The Research • Research regarding learning motor skills common in physical education curriculum supports that the manipulation of practice variables of task elements (simple elements) that result in their enhanced learning are actually detrimental to the learning of complex skills as they relate to the entire task. Wulf, G., & Shea, C.H. (2002) • This suggests that repeated practice of simple skills (such as using homework to practice elements of a task through a “drill and kill” approach”) may be detrimental to learning the entire task, and should be replaced with transfer of learning opportunities through using the skill in different ways?

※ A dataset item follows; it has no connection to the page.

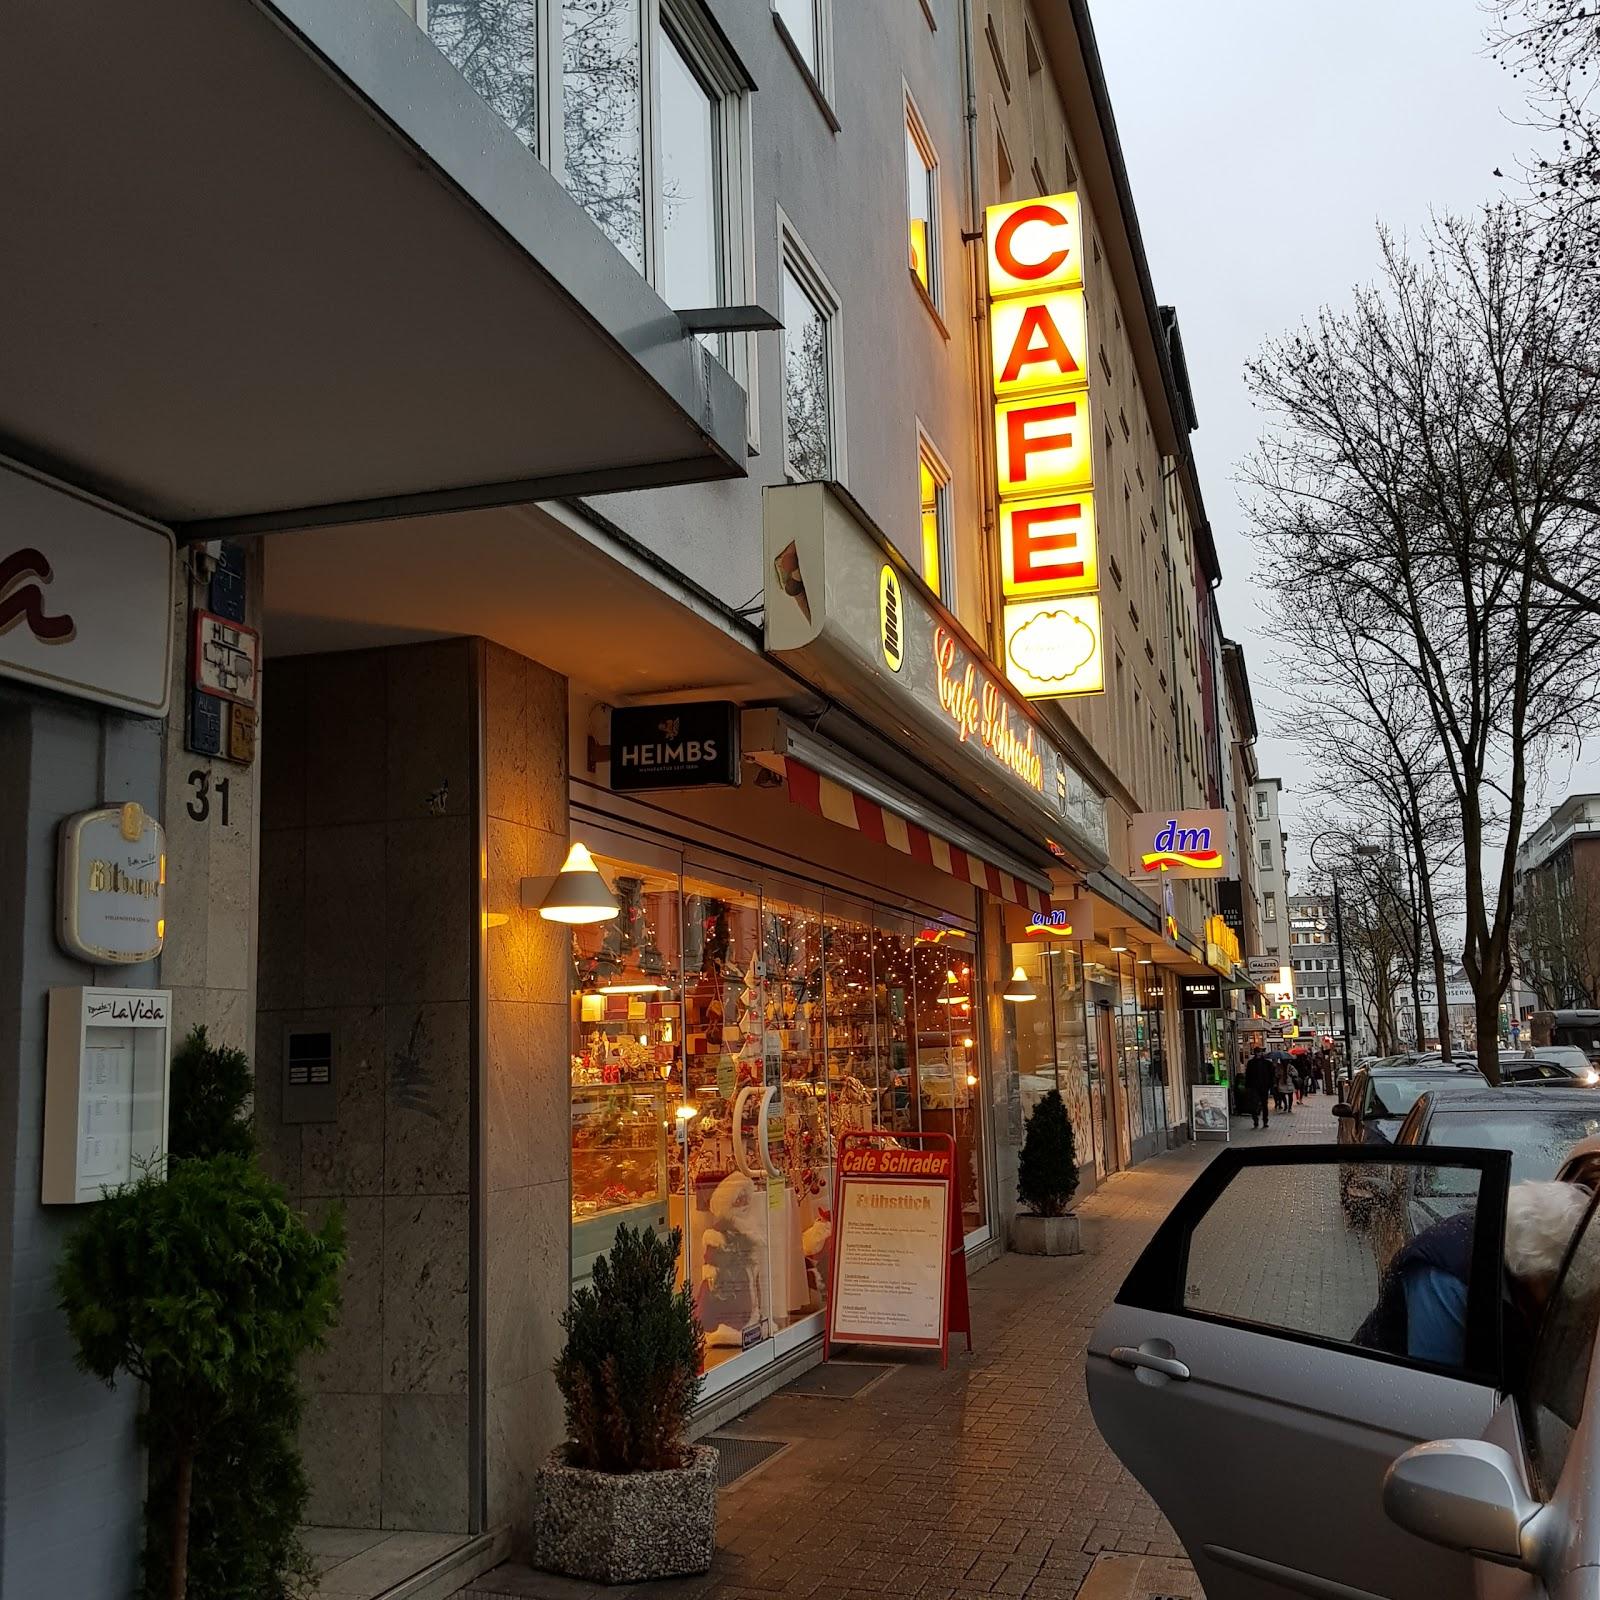 Restaurant "Cafe Schrader GmbH" in Dortmund

What Questions DoesTeaching Transfer Skills Ask? • Does “peddling” a stationery bike for hours teach us how to ride a bike? • What might be the reasons we might be unable to ride a bike by learning peddling? • What are the entire skill set about riding a bike be generalized to driving a car? • Therefore, what experiences in a lesson plan might we use to begin the transfer of the skill of bike riding to driving a car?
What Is The Difference Between Practice and Transfer? There are three common types of Practice: • Fixed or Massed - a specific skill element is practiced repeatedly in isolation, without a break, known as a drill (most common type of school homework). • Variable - the skill is practiced in the range of situations that could be experienced in the local environments. (common in community based instruction). • Distributed - breaks are taken while developing skill sets over time and situation (best for students with exceptional needs.)
What Is The Difference Between Practice and Transfer of Skill? • Transfer refers to the degree a learned skill will be repeated correctly in a new situation, or a learned skill will be applied, or “tweaked,” in a new situation. • In special education, transfer of skills is the most critical concept in teaching and learning. If the learned skill is not generalized and maintained through a transfer of learned skills to everyday problems, those skills may be lost because of a “silo” or lack of relevance to community.
Questions To Ask When Planning for a Transfer of Skills Lesson • Was skill expected to be learned in isolation with little collaboration or demonstration and then generalized? • Is the skill needed for use in the school or home environments over a period of time? • Is there motivation to use the skill because of its function? • Does the educational standard required to be taught and learned generalize to many uses that will naturally occur? • Was feedback in the applied skill planned in several modalities (visual, auditory, kinesthetic)? • Is “mastery of a skill” also equally evaluated in a generalized use or in differing environments? • Are the assessments in learning a skill inclusive of transfer of difference or complexity to community culture and need? • What plan of maintenance of the skill would be suggested for each student’s needs within the community?
Concluding Thoughts … • Special Education is still a very new profession – we are always learning new ways to be more effective, efficient, and supportive for our students and their environments. • American education is built more on practicing and assessing segments of larger concepts than application to new problems. Emphasis on transfer of skills is critical for improved quality of life for exceptional persons as communities grow and change.
Thank you so much! • Now I will transfer my learned skill in how to make a pie to making a pizza!
References • Mackenzie, B. (2000) Teaching Methods [WWW] Available from: http://www.brianmac.co.uk/teaching.htm [Accessed (08/03/2012 • Wulf, G., & Shea, C.H. (2002). Principles derived form the study of simple motor skills do not generalize to complex skill learning. Psychonomic Bulletin and Review, 9, 185-211.